Problem to solve: Exclude all pictures, then write out exactly the lines below from the first one through the line with "Gorilla Grip All".

Raw data:
================

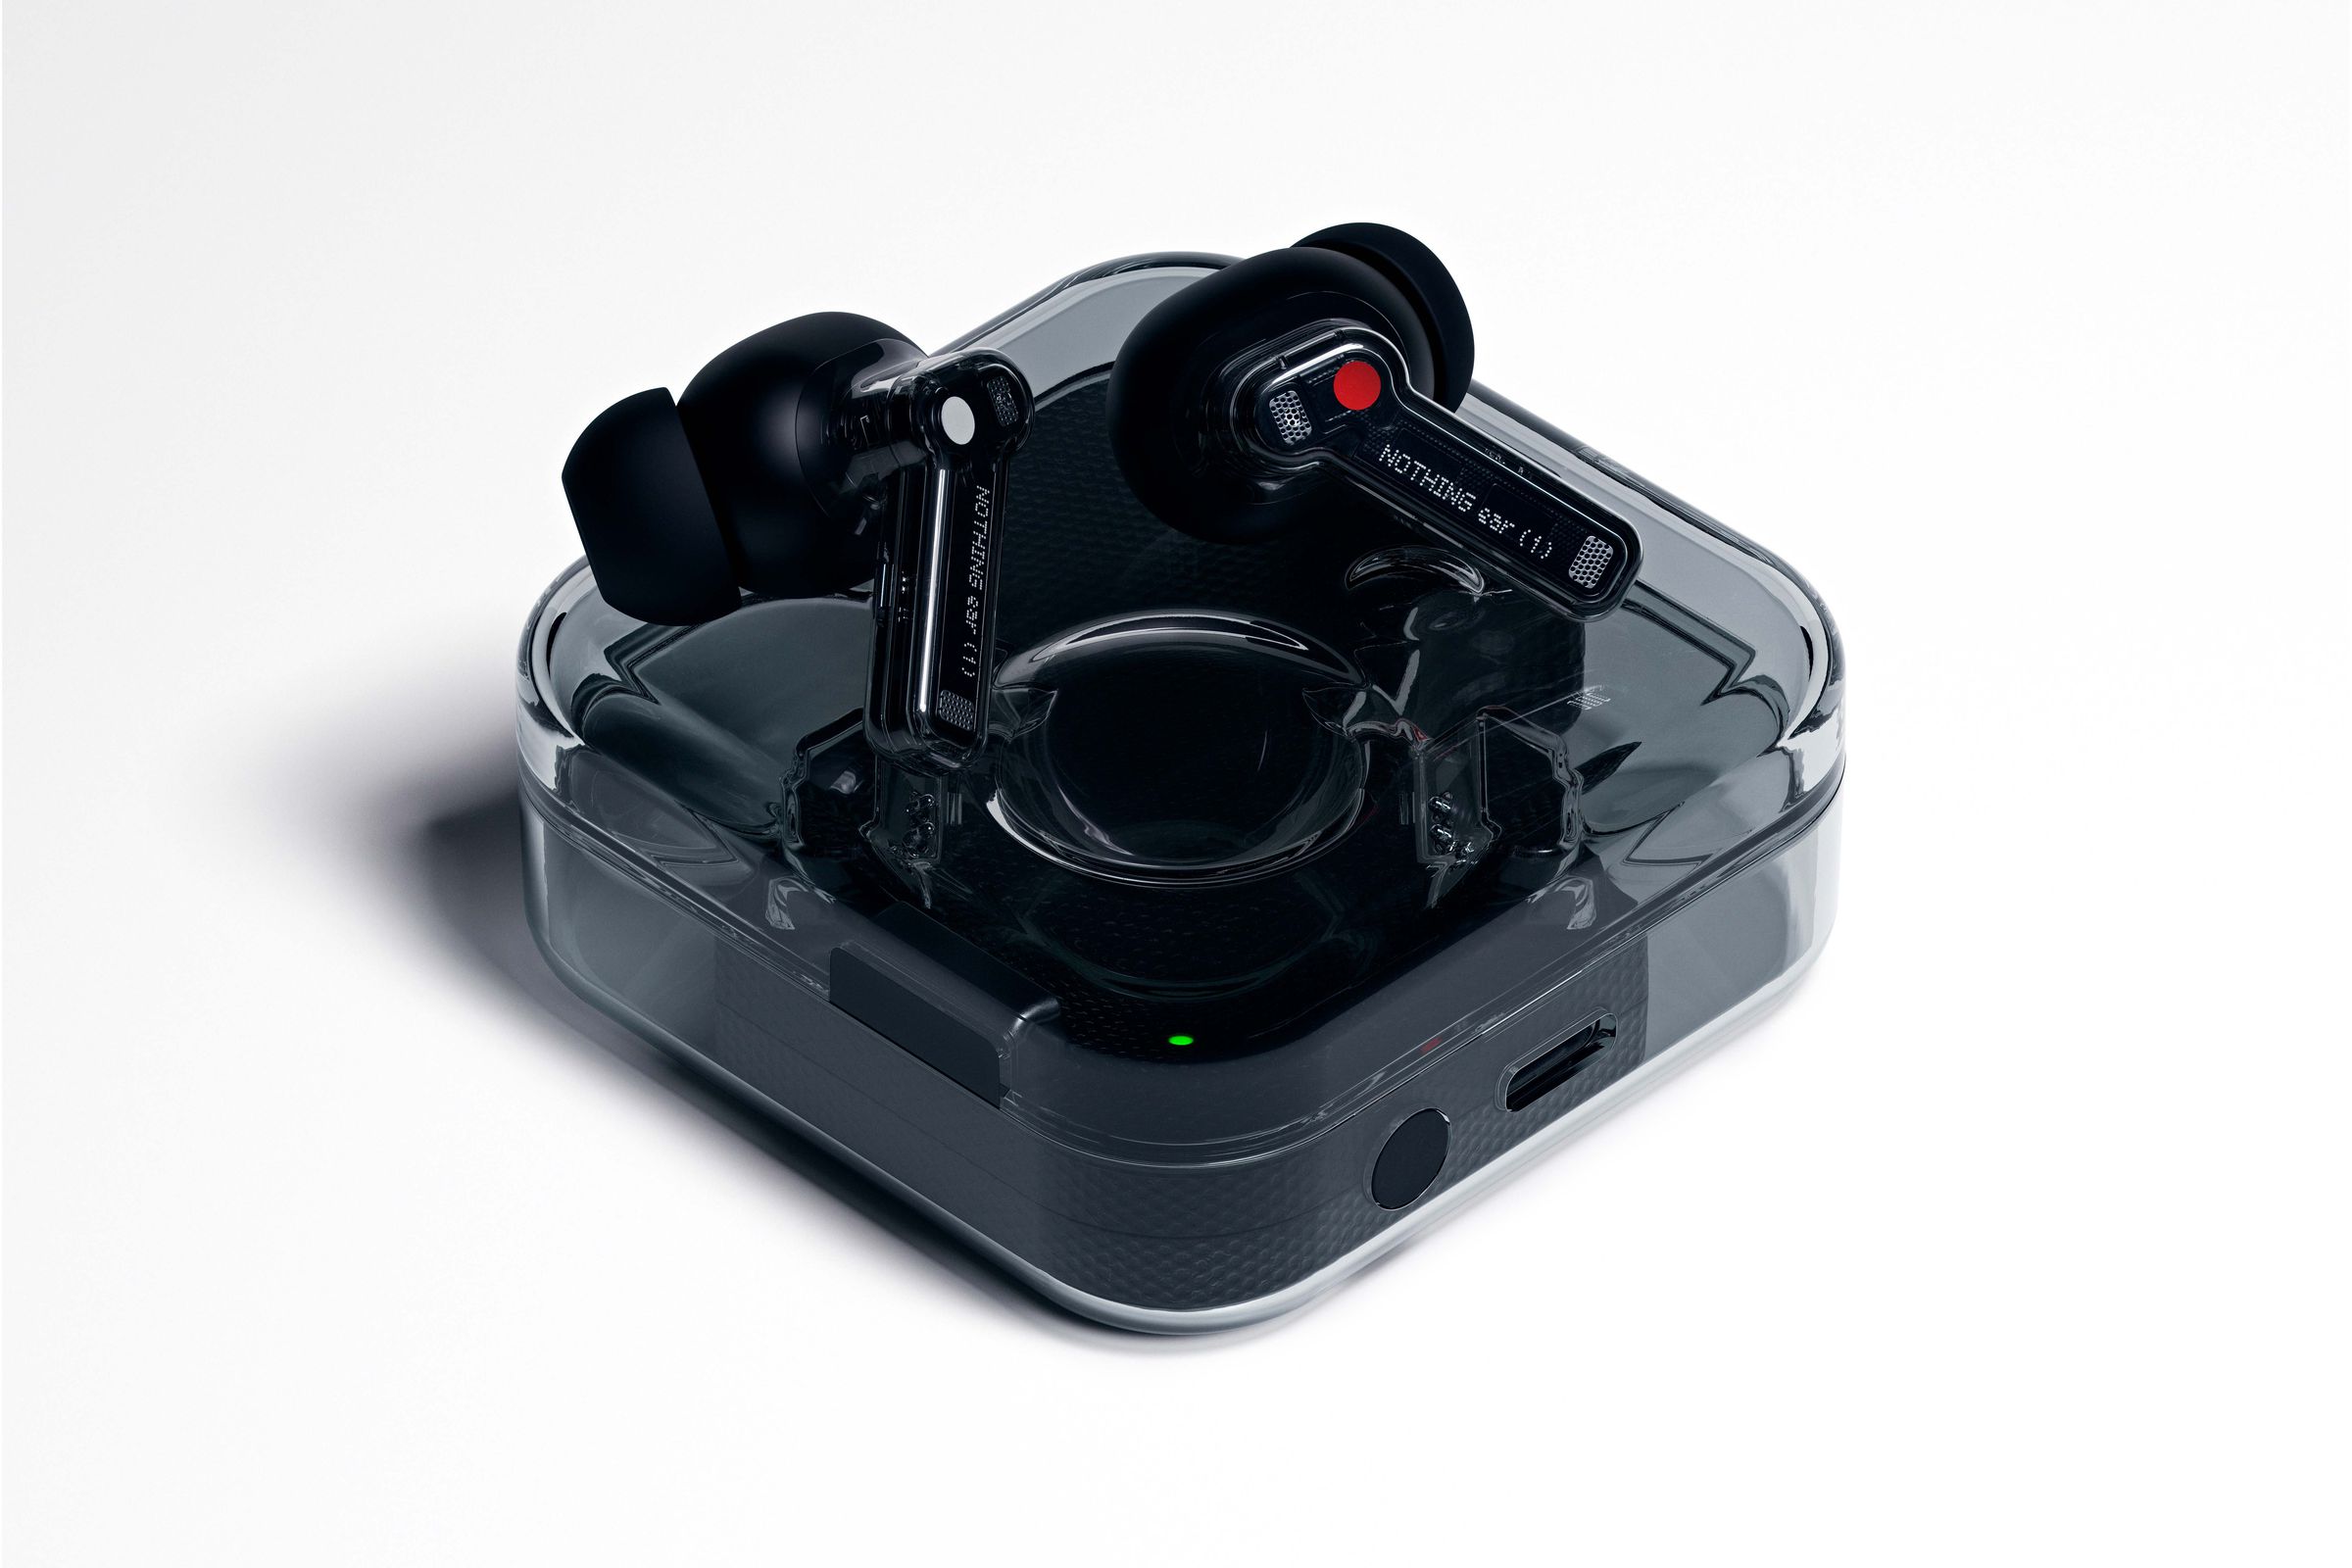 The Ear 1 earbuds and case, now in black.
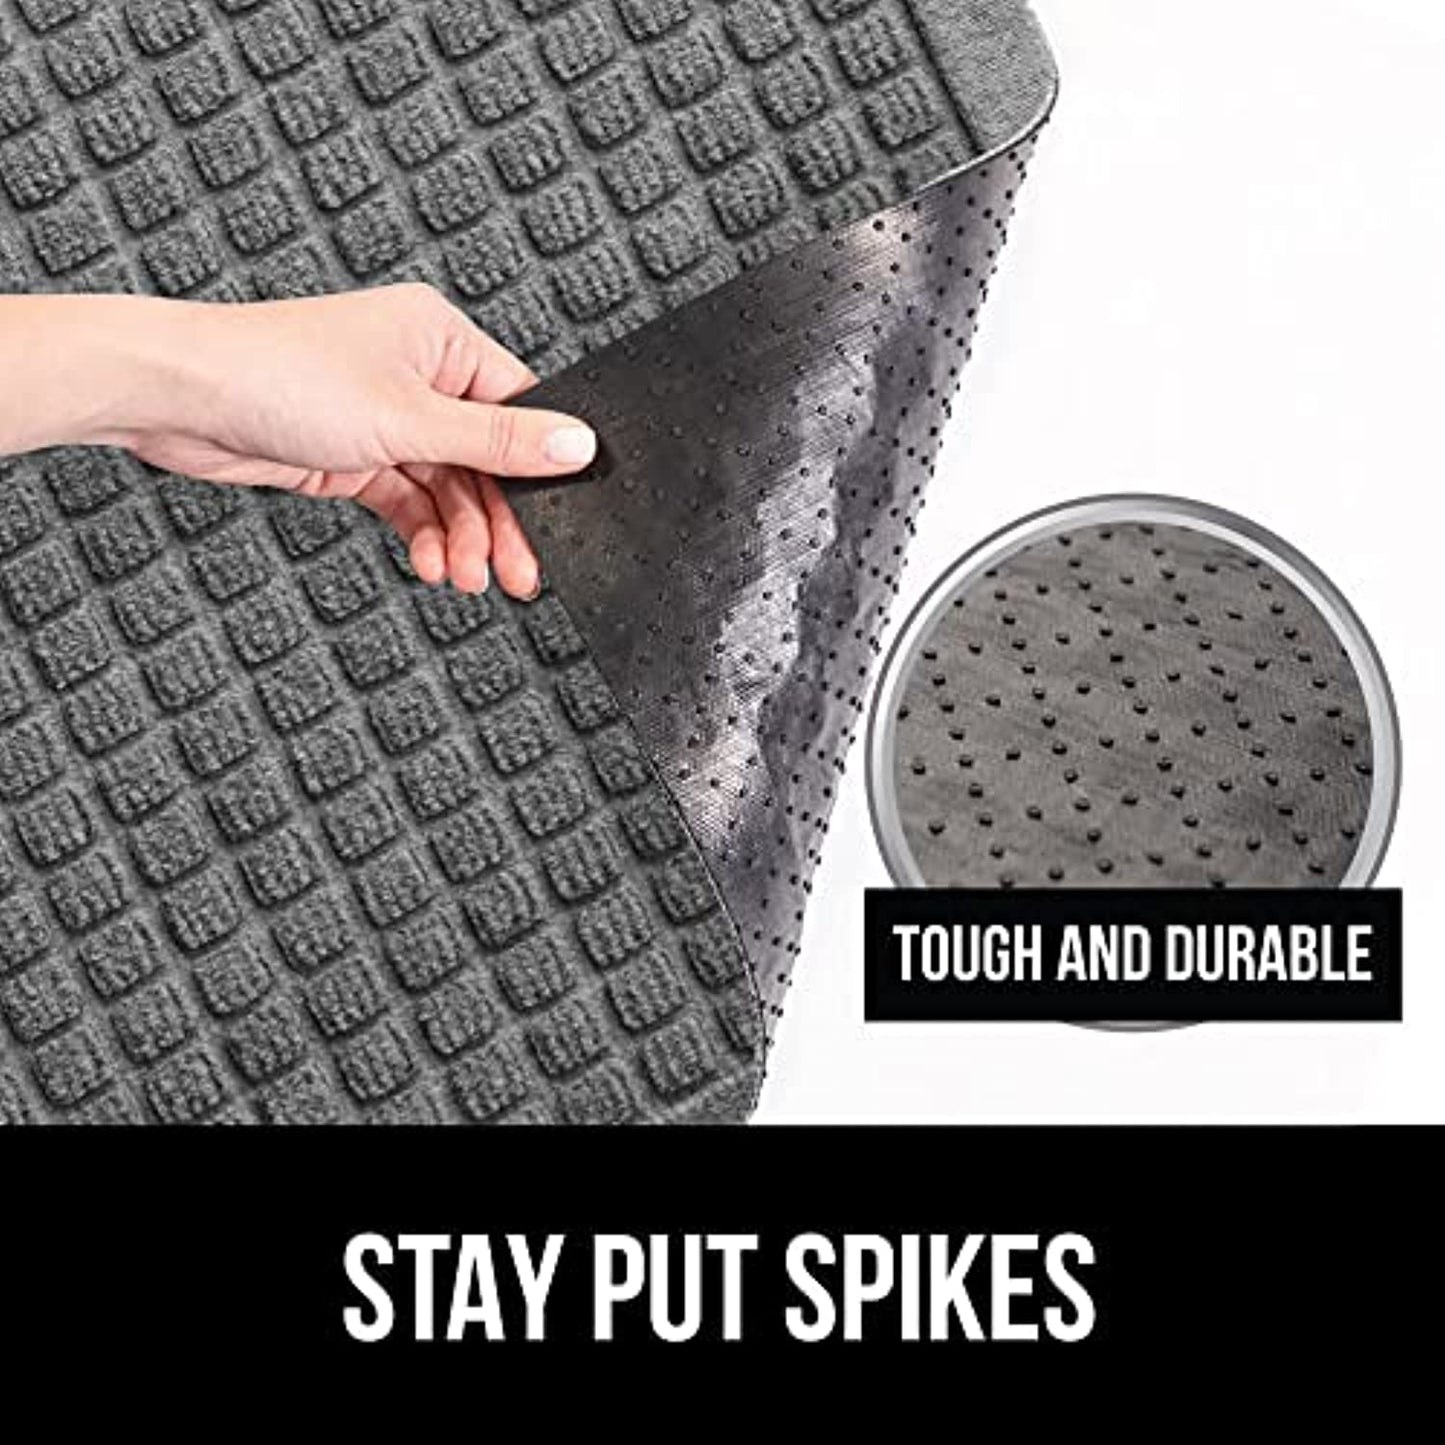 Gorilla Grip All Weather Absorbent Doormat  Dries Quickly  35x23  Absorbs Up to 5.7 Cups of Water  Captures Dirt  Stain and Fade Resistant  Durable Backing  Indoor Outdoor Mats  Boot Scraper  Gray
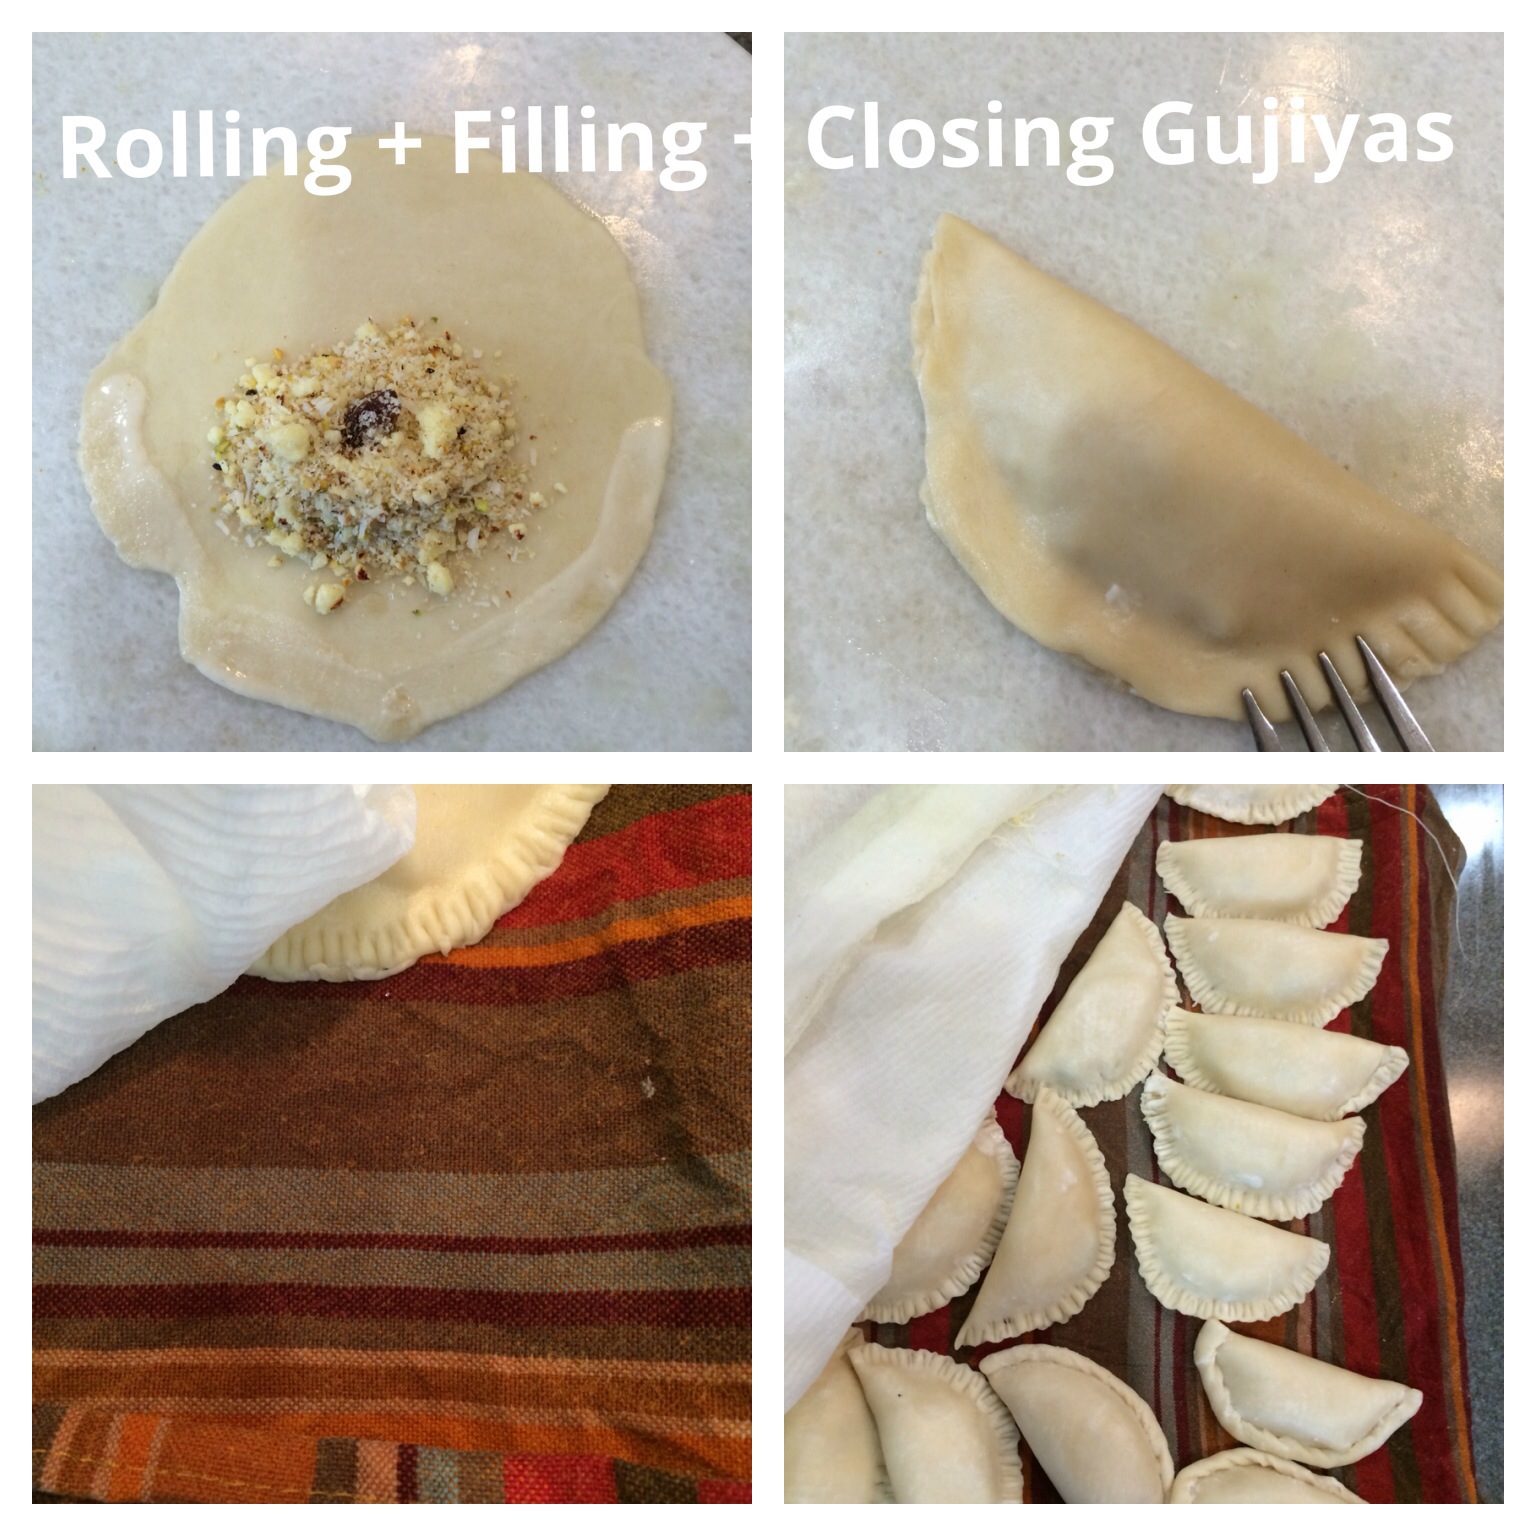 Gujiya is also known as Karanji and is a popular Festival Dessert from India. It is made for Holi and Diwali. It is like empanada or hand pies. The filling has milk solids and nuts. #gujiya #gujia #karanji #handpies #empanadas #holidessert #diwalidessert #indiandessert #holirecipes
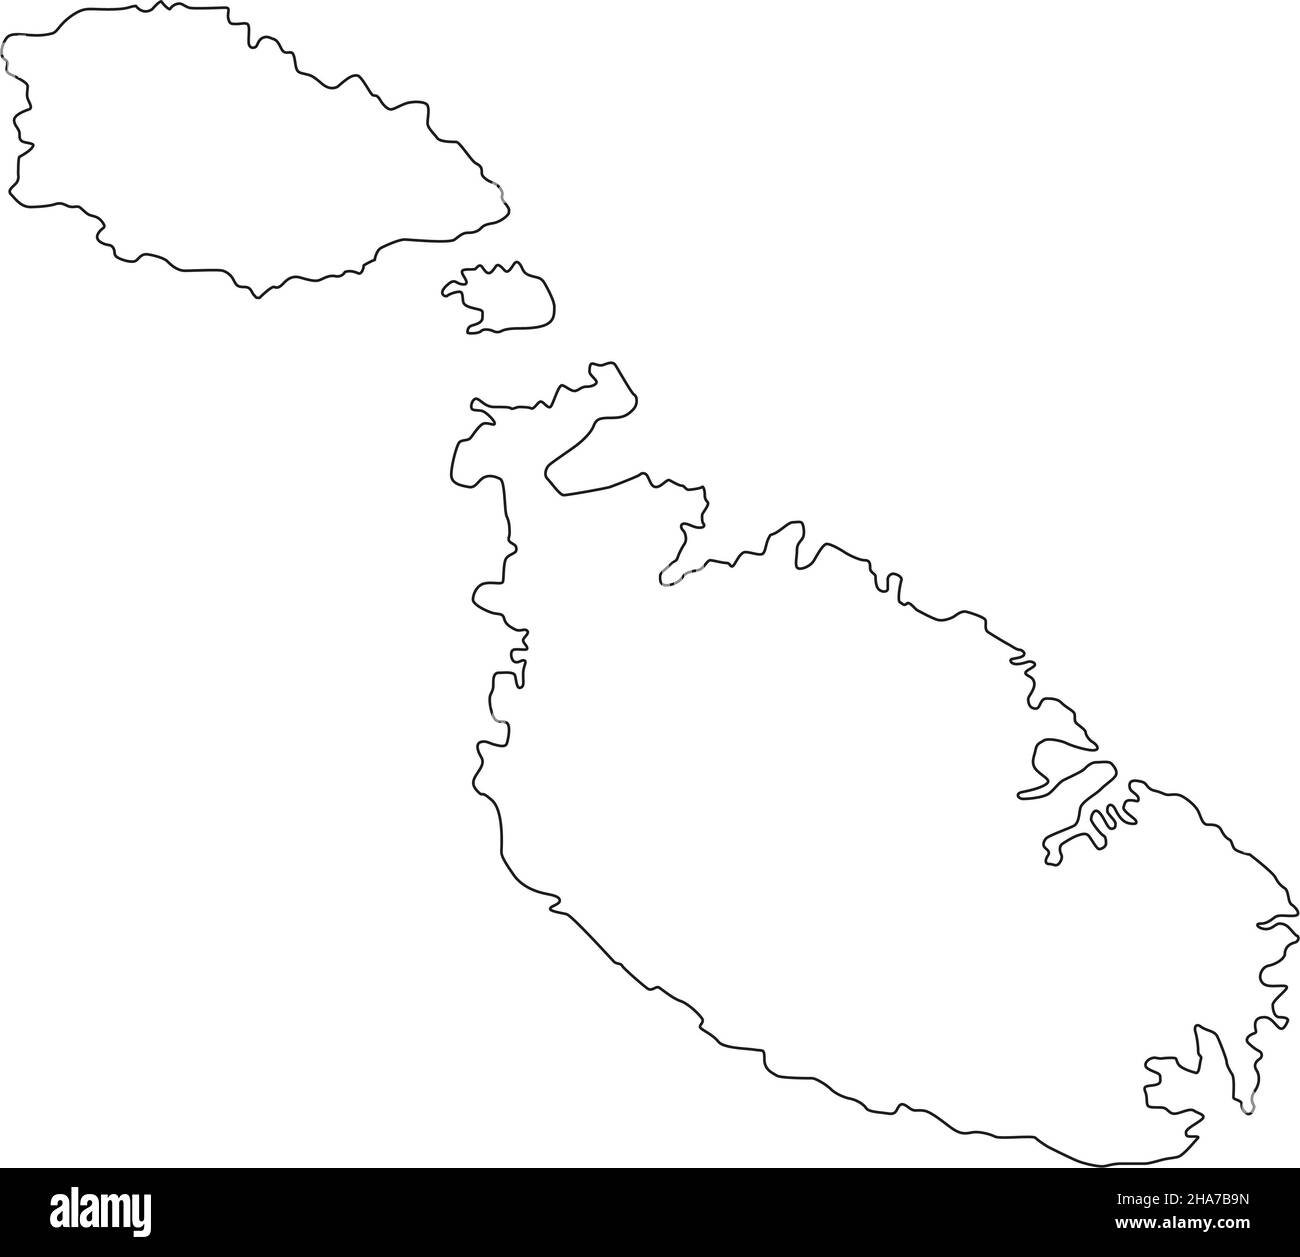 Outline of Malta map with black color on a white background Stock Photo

================

Response:
 The Ear 1 earbuds and case, now in black.
 Gorilla Grip All Weather Absorbent Doormat  Dries Quickly  35x23  Absorbs Up to 5.7 Cups of Water  Captures Dirt  Stain and Fade Resistant  Durable Backing  Indoor Outdoor Mats  Boot Scraper  Gray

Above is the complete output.